13 Minutes - Sarah Pinborough
There are dangers enough for any 16-year old girl in the world, and Natasha Howland, the most popular and beautiful girl at school, has been lucky enough to survive what appears to have been an attempt on her life. Found in a freezing river, her body functions have slowed down enough for her to be revived after being technically dead for thirteen minutes. When she is revived however, Tasha doesn't remember how she ended up in the river, but her perspective on the world seems to have changed slightly.
Her relationship with her best friends Hayley and Jenny, collectively known in school as the Barbies, seems a little more strained than it was before. The secret text messages that her two friends exchange moreover suggest that they know more about what happened and may even have been involved in Natasha's "accident". Tasha turns instead towards Rebecca Crisp, a surly grungy teenager who she long ago abandoned as a childhood friend when it became more important to hang out with cooler kids.
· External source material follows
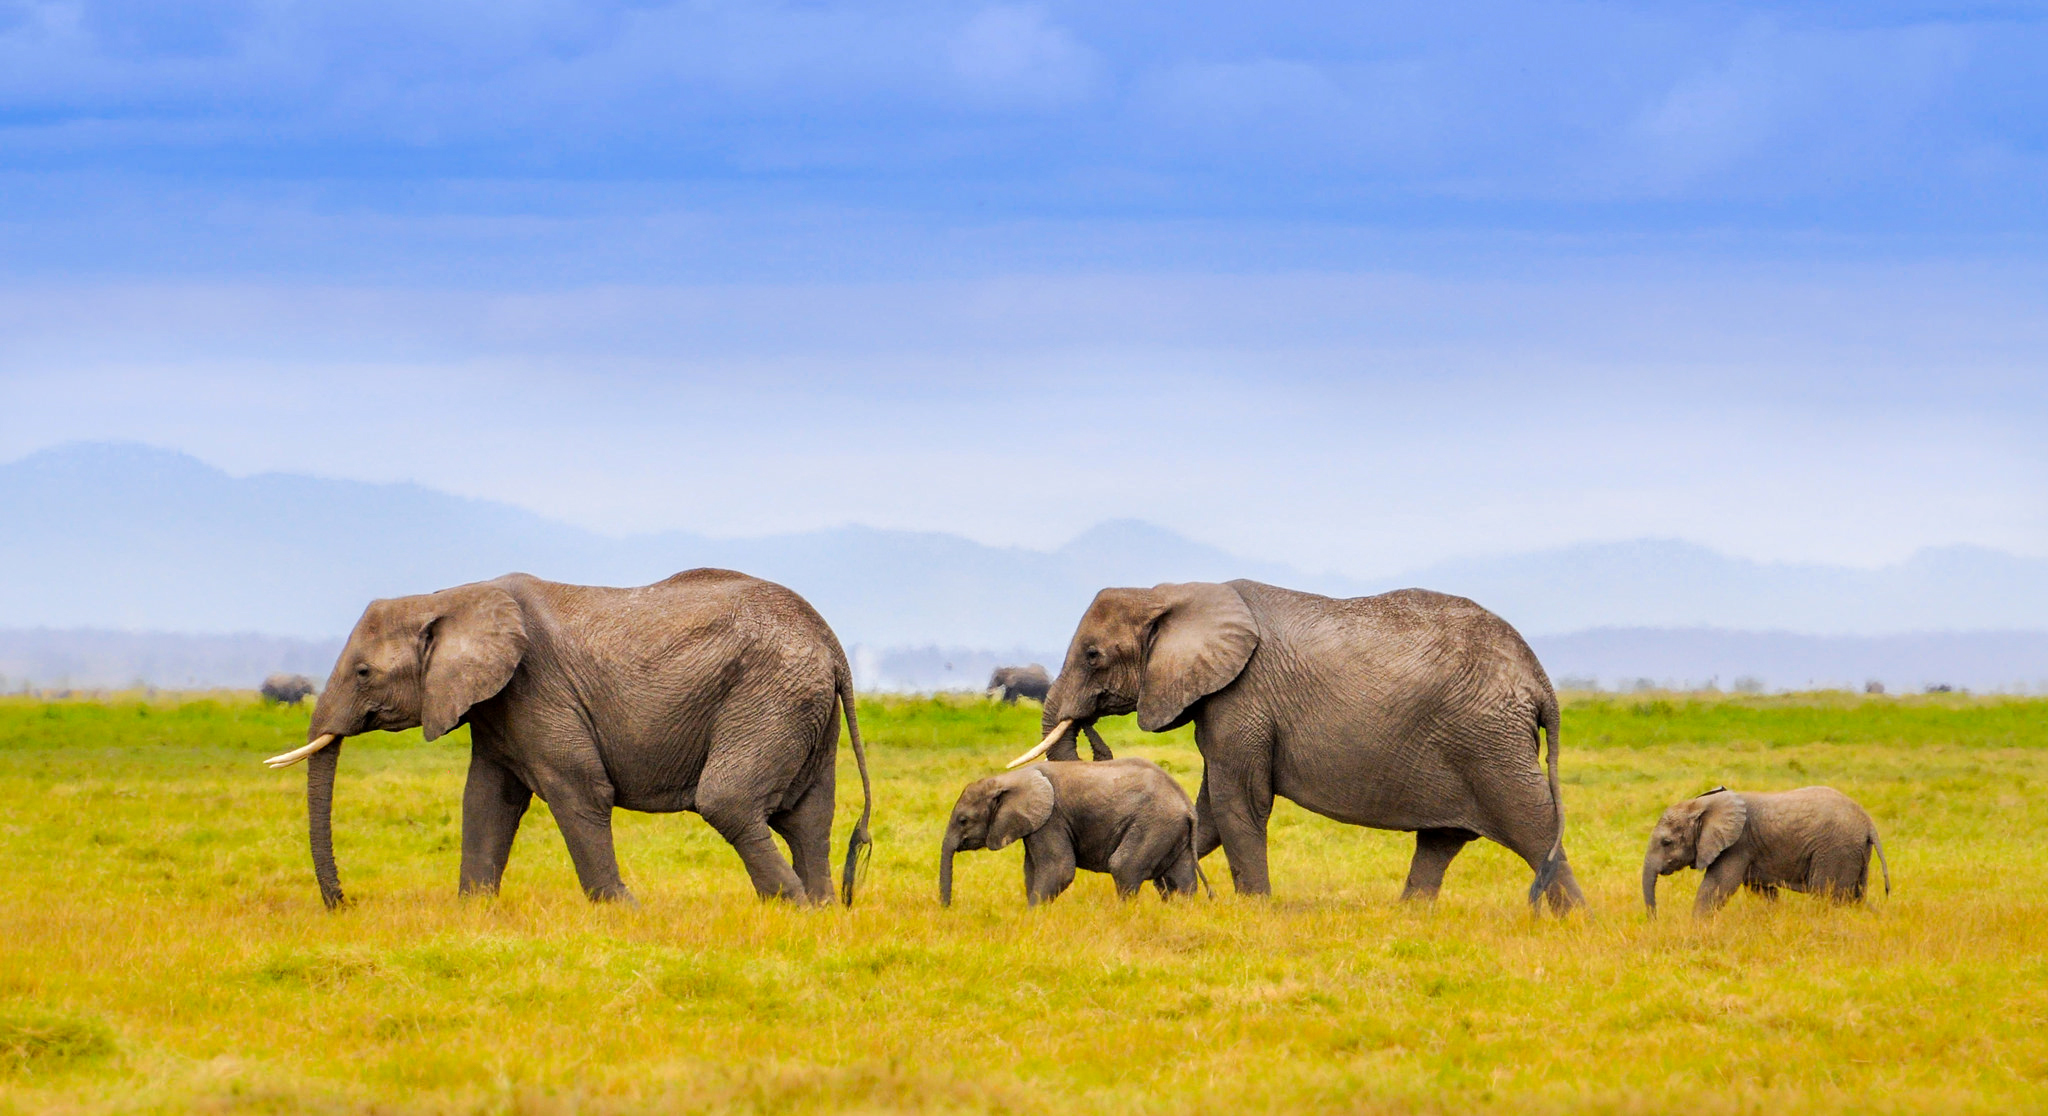 elephants, animal, african bush elephant, africa, grass, savannah FHD, 4K, UHD

Still hurt by the rejection and conflicted about the fact that her boyfriend was once rejected by Tasha, Becca is suspicious of her old friend's attempts to renew their friendship, but she believes that she might be able to help Tasha regain her memory of what has occurred.
It's undoubtedly always been tough growing up as a young girl who is different from the others, but it's also tough also to be popular and hold that popularity. There are power games going on here in 13 Minutes that would out-manoeuvre world leaders, and a lot of collateral damage can be caused to friends who aren't able to "keep up", or who are intentionally ostracised or bullied on some minor pretext just as a display of power and influence. Same as it ever was, but there are now some powerful weapons systems now that can be ruthlessly deployed to devastating effect in the modern world of young adults. Social media, Facebook, text messages, where even the mere fact of withholding information or not returning phone calls can have devastating consequences on a sensitive young person.
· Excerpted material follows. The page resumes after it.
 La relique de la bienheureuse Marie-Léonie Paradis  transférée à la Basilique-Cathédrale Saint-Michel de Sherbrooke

Pinborough's skill is that she can make this world vividly real and compellingly terrifying, while managing to keep one's unavoidable irritation at the behaviour of these moody and frightening teenagers at a minimum. Pinborough brings all those strong qualities about her writing to bear here, creating a crime thriller, a police procedural and a psychological examination, but also leaving little traces around that suggest more sinister elements at play, like Tasha starting to observe the number thirteen in everything around her. The writing style reflects this in a variety of techniques, using text messages, diary entries, police reports and newspaper articles (less convincing in their satire), and the various viewpoints all come together well to suggest that there is something deeper being examined here.
The incorporation of a school play of The Crucible provides some clue that there's a similar community dynamic in the teenage social network (and a lot of witches!), with accusations, betrayals and closing of ranks all leading to a breakdown of social order that gets completely out of hand. It might appear to be on a lesser teenage networking level here, but there are revealing glimpses now and again of how those relationships and behaviours at school feed through into adult life. The young adults here are at an age where they are starting to see their parents in a new light, gaining an eye-opening awareness of the nature of their lives, weaknesses and failures. Becca however is determined not to be like them, but choosing not to play by the rules is very dangerous when there's only one power-game in town.
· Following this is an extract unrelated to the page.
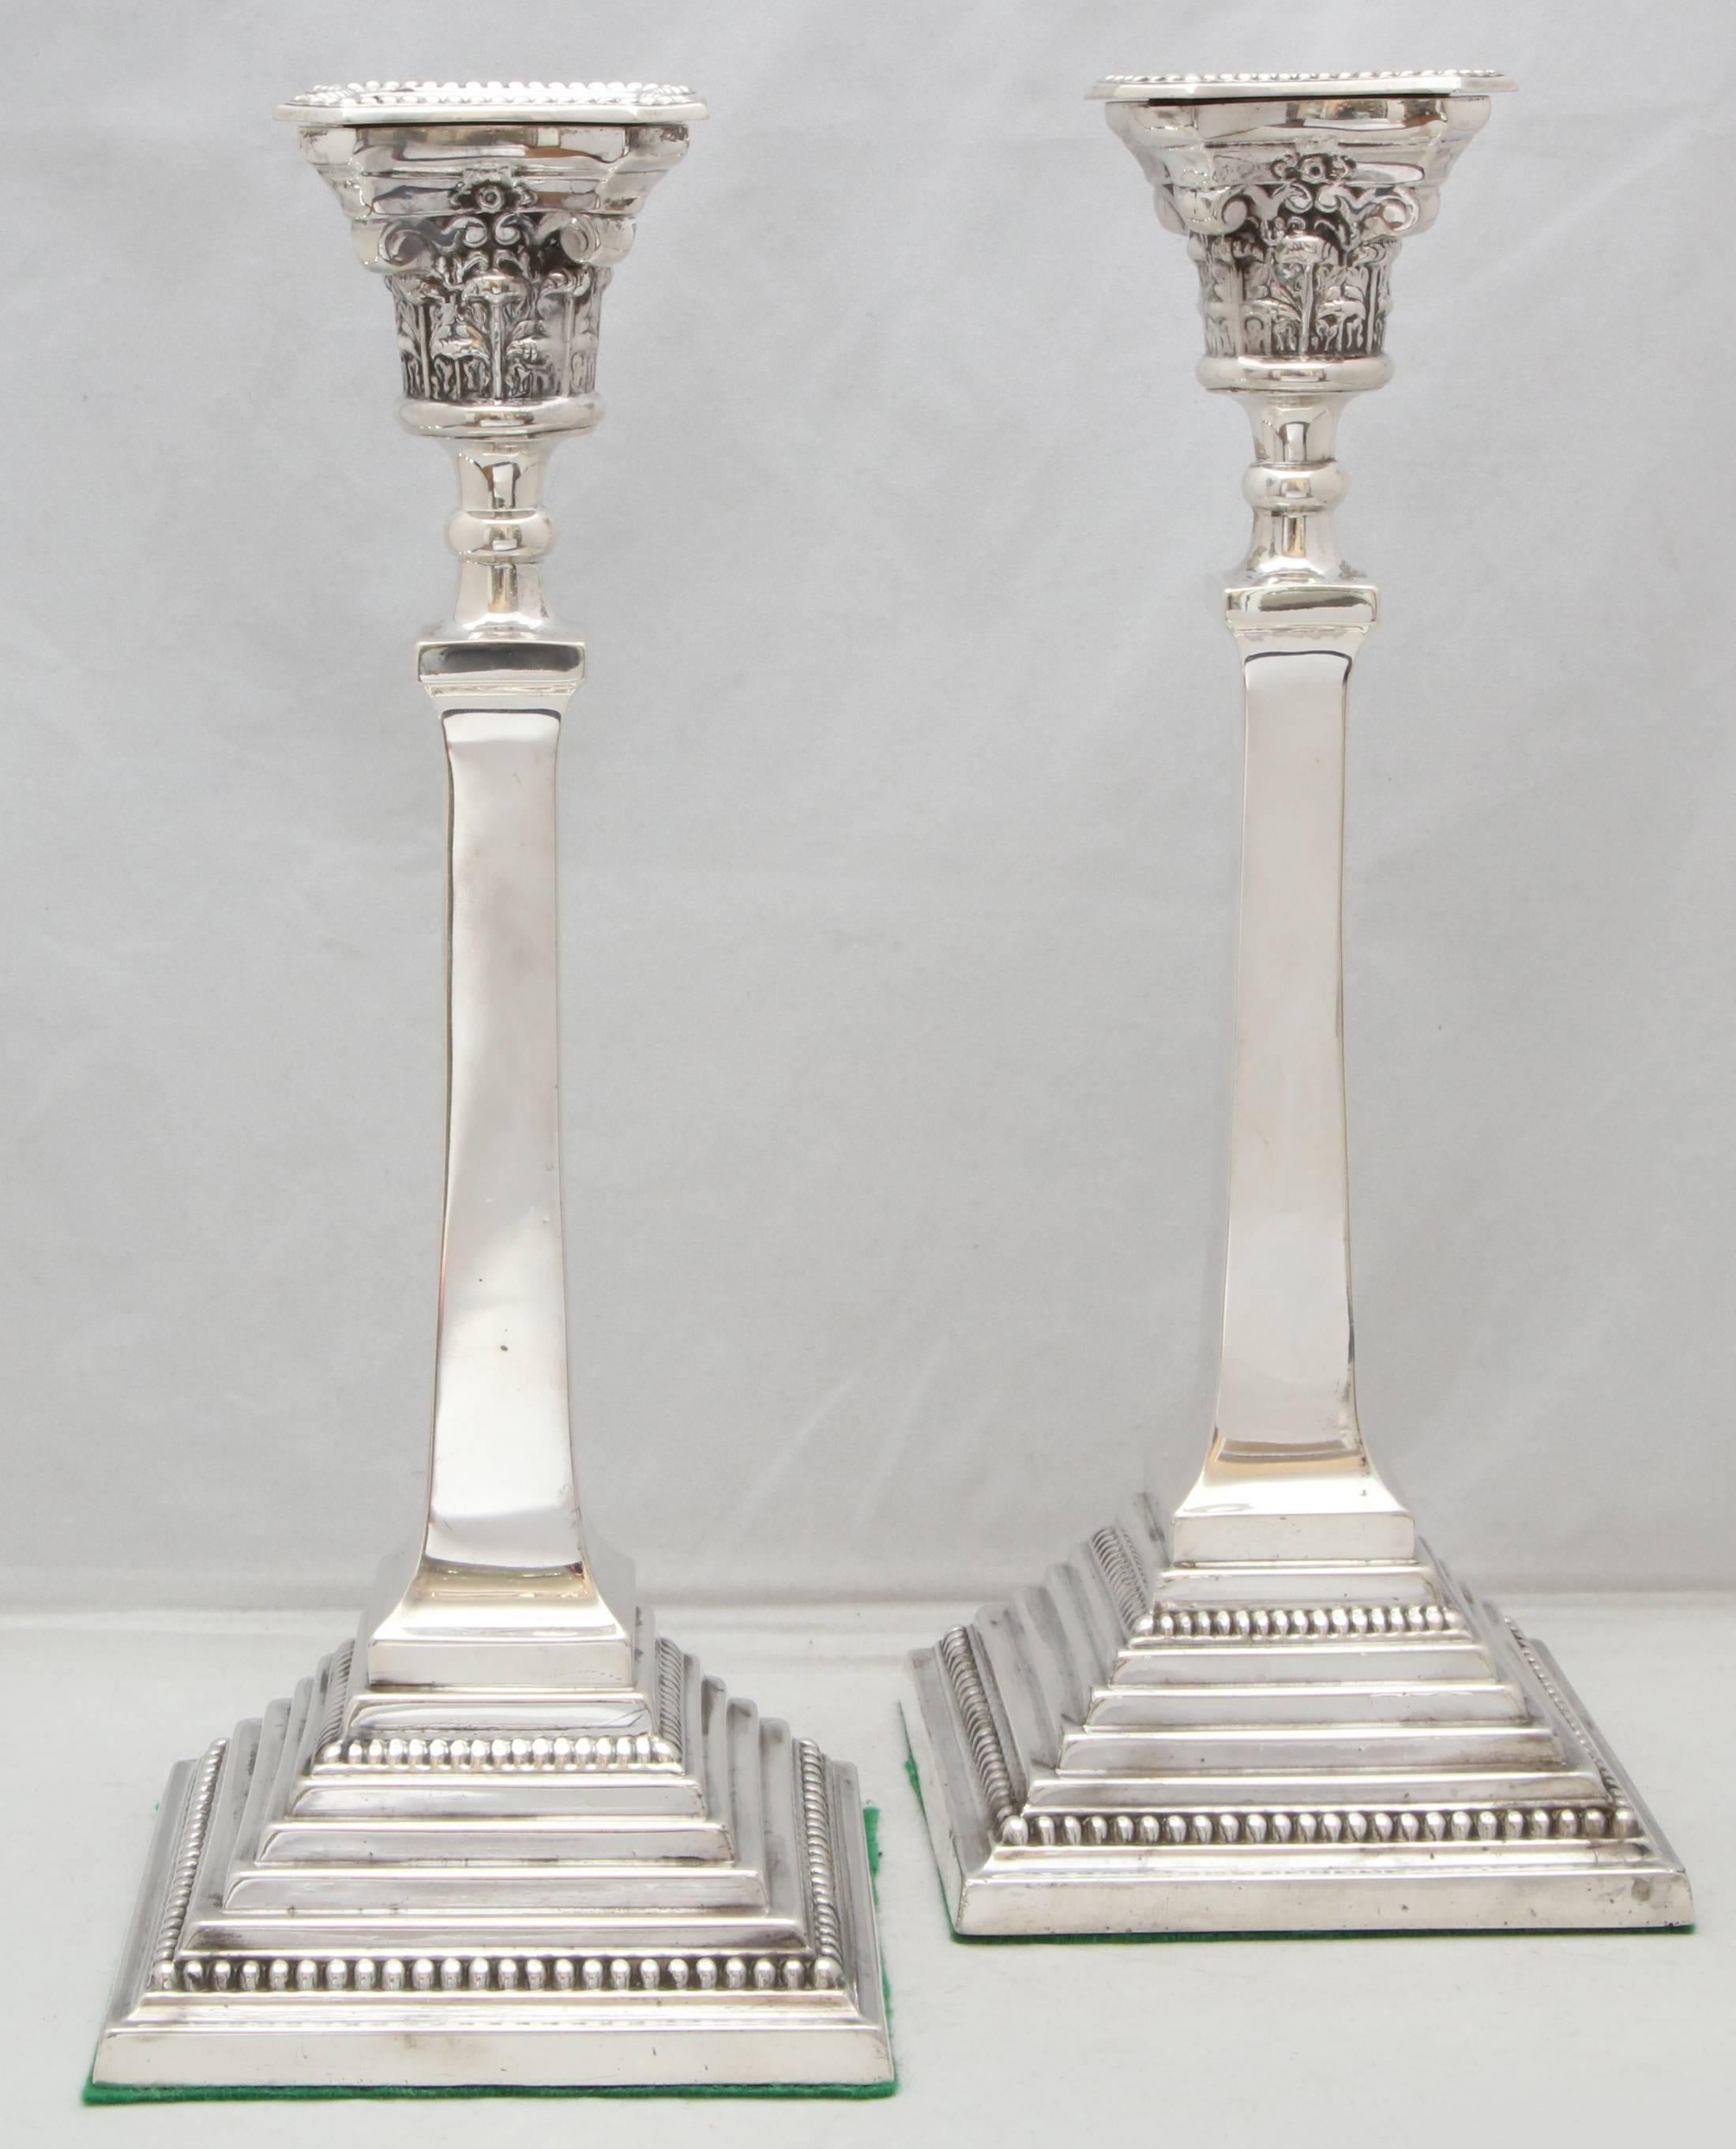 Grands chandeliers édouardiens en argent sterling, néoclassiques, en forme de colonne, Birmingham, Angleterre, 1914, Bayliss et Coulthard - fabricants. Mesures : 12 1/2 de haut x 5 de large x 5 de profondeur (à la base carrée de chaque). Pondéré. Le

Pinborough's 13 Minutes might be categorised as a young adult novel, but it doesn't pull any punches, talk down to its audience or moralise about what it means to be a teenager, particularly the challenges facing a young 16 to 17 year-old girl. Dealing with the traditional areas of sex, drugs and alcohol is only a small part of it; mastering social media and thereby social acceptance is perhaps even more important to a young person at this stage. Pinborough recognises how scarily dysfunctional that world can be, and how intense it can be to set a crime thriller there. Some of the crime elements might require a little indulgence as the plot starts to unravel and work through some conventional twists, but the observance of attitudes and behaviours in youth is what makes this stand out and remain thrilling to the conclusion.
13 Minutes is published by Gollanz on 18th February 2016.